父、茂也も七十五歳。多少、頭も固くなって頑固なところはあるが、それでも家族を困らせたりしたことは、ついぞなかった。
「亜紀、お前何か聞いてないか?」
正巳は娘の方へ言った。
「何も」
亜紀はそれきり黙って夕ご飯を食べている。
「そうか……」
「あなた、ゆっくりお義父さんと話してみてね」
「分った」
やれやれ……。
正巳は、とかく「もめごと」というものが嫌いである。むろん自分が直接係《かかわ》るのはいやだが、それだけでなく他の人間同士、こじれているのを見るのもたまらない気がしてしまう。
といって、仲裁に入るなんて柄でもなく、ひたすら何も気付かないふりをしているのである。それですめばいいが、しかし今度の場合は、自分の父親のことだ。他人任せにして知らん顔を決め込むわけにいかない。

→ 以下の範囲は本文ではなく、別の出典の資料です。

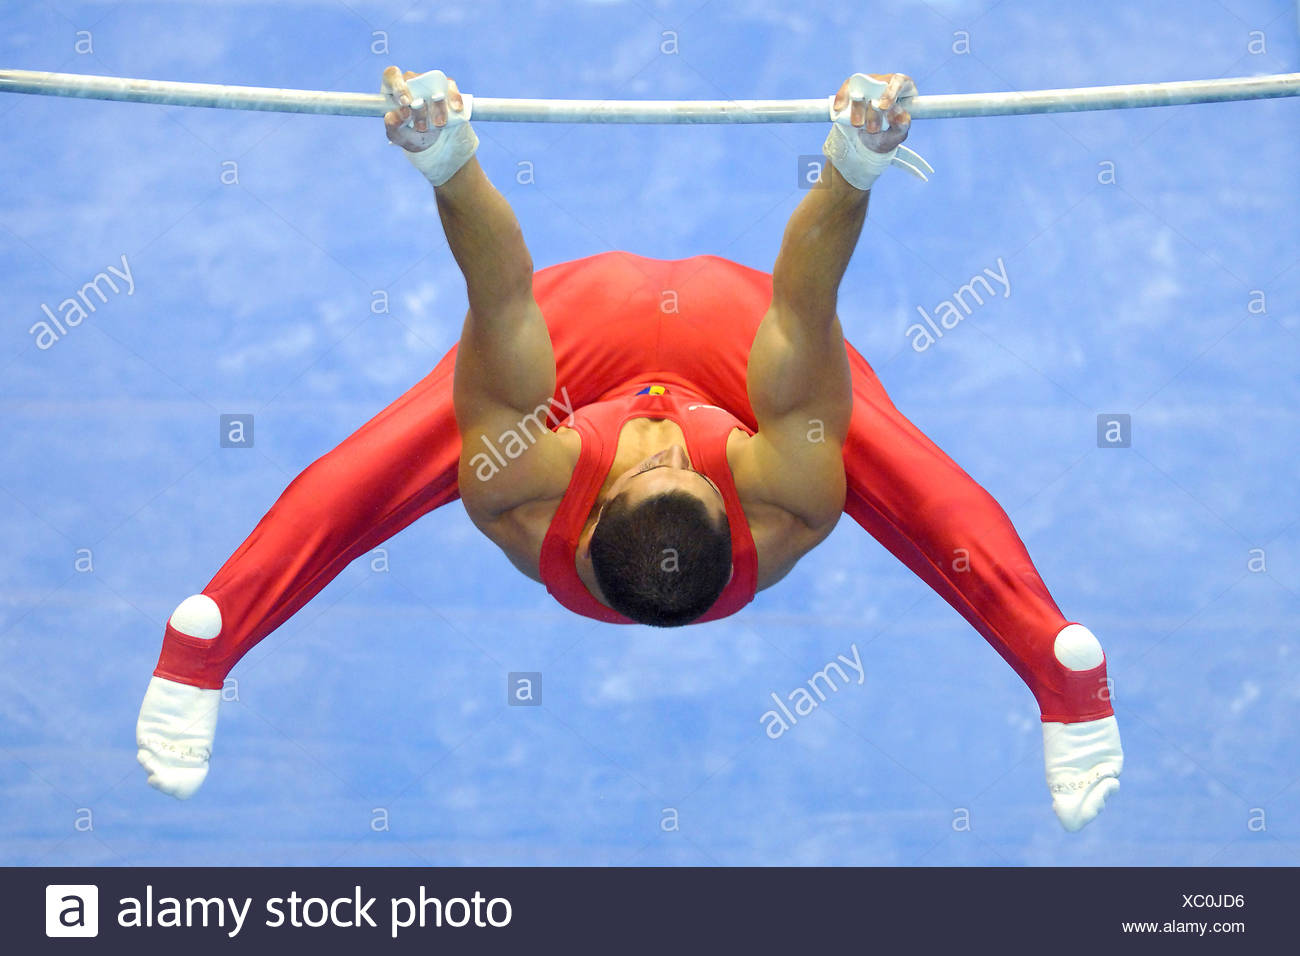 Artistic Gymnastics High Bar Bird S View Stock Photo 282756242

円谷沙恵子の頼みを断れなかっただけでも気が重いのに、帰ってみればこの状態。正巳はまたため息をついてしまった。
「——ごちそうさま」
と、亜紀ははしを置いて、「ちょっと買物してくる。そこのコンビニで」
「そう。じゃ、ドレッシング、買って来てくれる? いつもの和風の」
「うん、分った」
亜紀は、一《いつ》旦《たん》自分の部屋へ上って、財布を取って来ると、足早に外へ出た。

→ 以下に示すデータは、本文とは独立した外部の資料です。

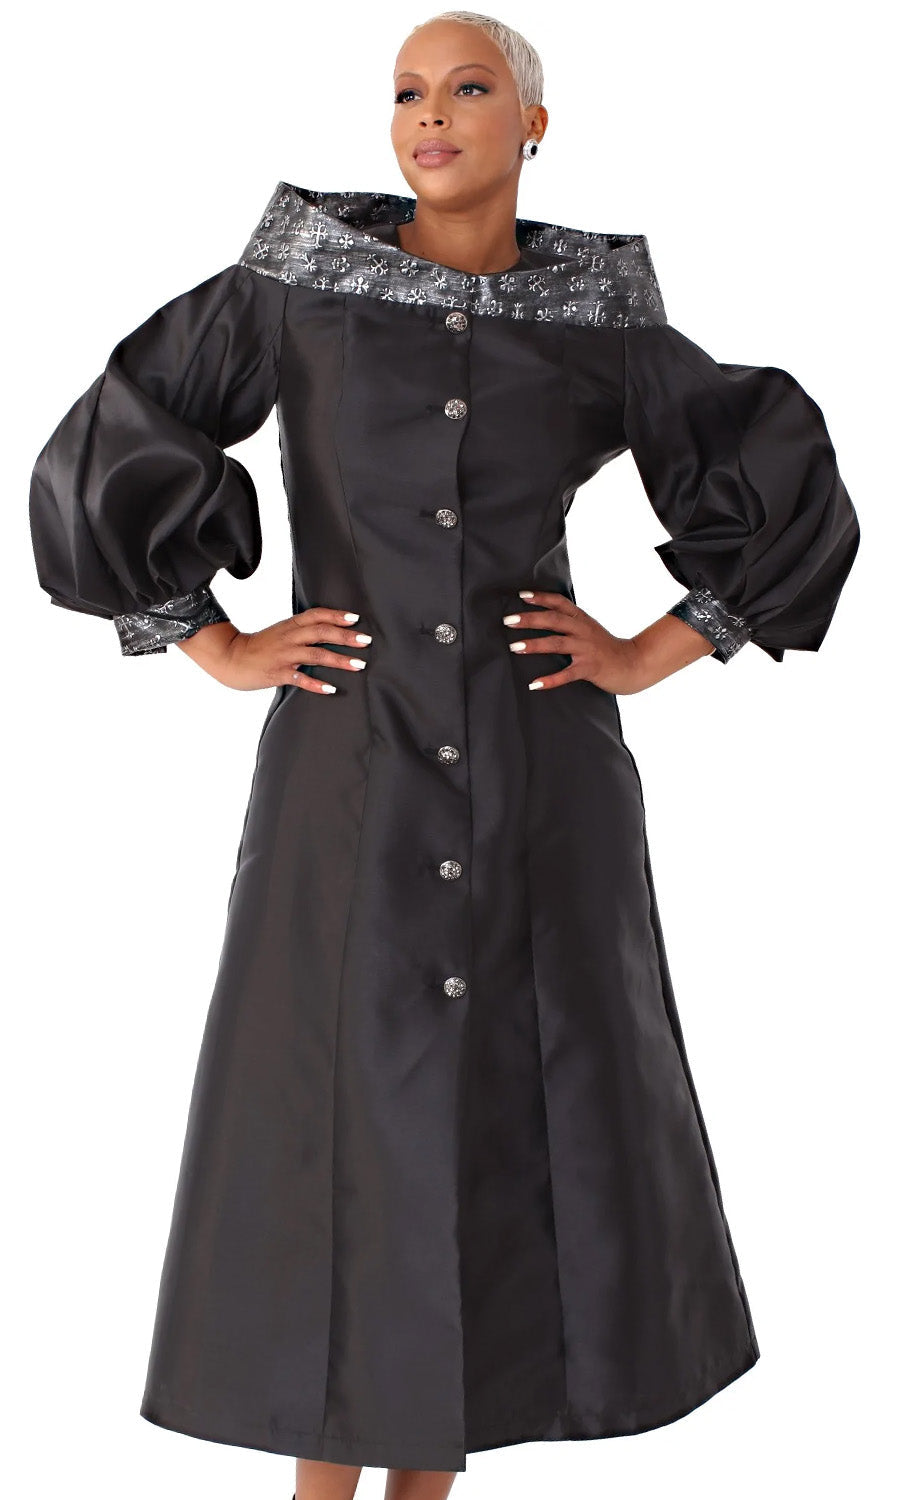 Tally Taylor Church Robe 4803C-Black - Church Suits For Less

二十四時間オープンのコンビニができて、ずいぶん便利になった。特に試験の時期など、眠気覚ましにスナック菓子を買いに出ることもある。
コンビニまで歩いて五、六分。
バスが何台もすれ違い、バス停では勤め帰りの人たちがゾロゾロと降りてくる。通り過ぎる家々から、今夜のおかずの匂《にお》いが道へ漂って来ていた。
コンビニの辺りだけがポカッと明るい。亜紀は足を速めた。
「——あ」
と、思わず足をピタリと止めてしまったのは、コンビニの表の公衆電話を使っているのが、祖父の茂也だったからである。

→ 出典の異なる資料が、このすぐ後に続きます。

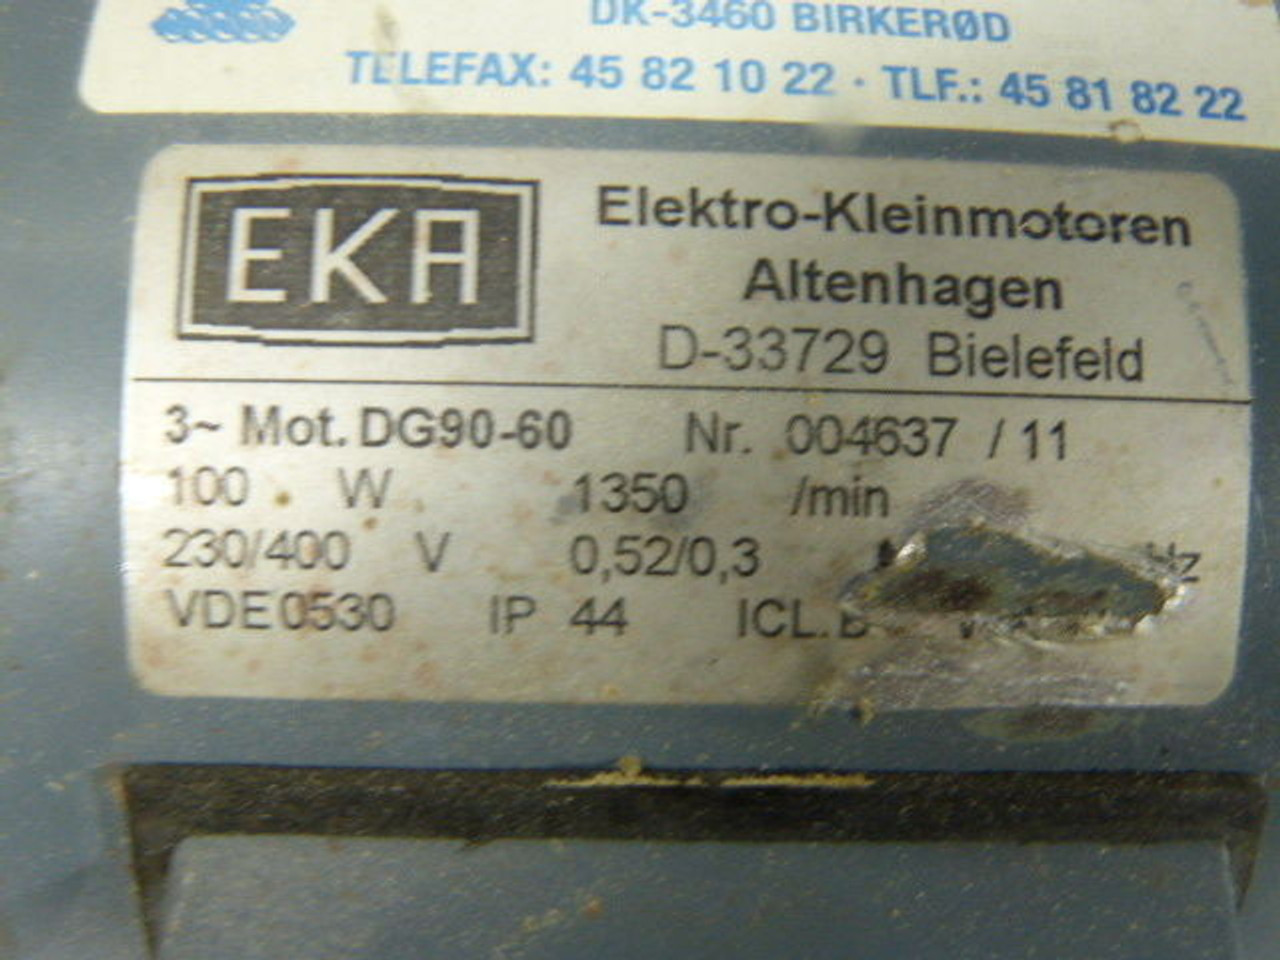 EKR 100W 1350RPM 230/400V 3Ph 0.52/0.3A 60Hz USED

向うは亜紀の方へ半ば背を向けているので気が付いていない。亜紀は、さりげなく茂也の後ろへ回った。
「——ああ。もちろん、そう思ってるよ。——うん。何とかなるさ。——そう、大丈夫だよ」
茂也の言い方のやさしいこと。亜紀は、祖父がこんな口調でしゃべるのを聞くのは初めてだった。
そうか。あのタクシーに乗ってた女の人だ。
亜紀は直感的にそう思った。同時に、祖父がどうして突然「アパートを借りたい」と言い出したのか、分ったのである。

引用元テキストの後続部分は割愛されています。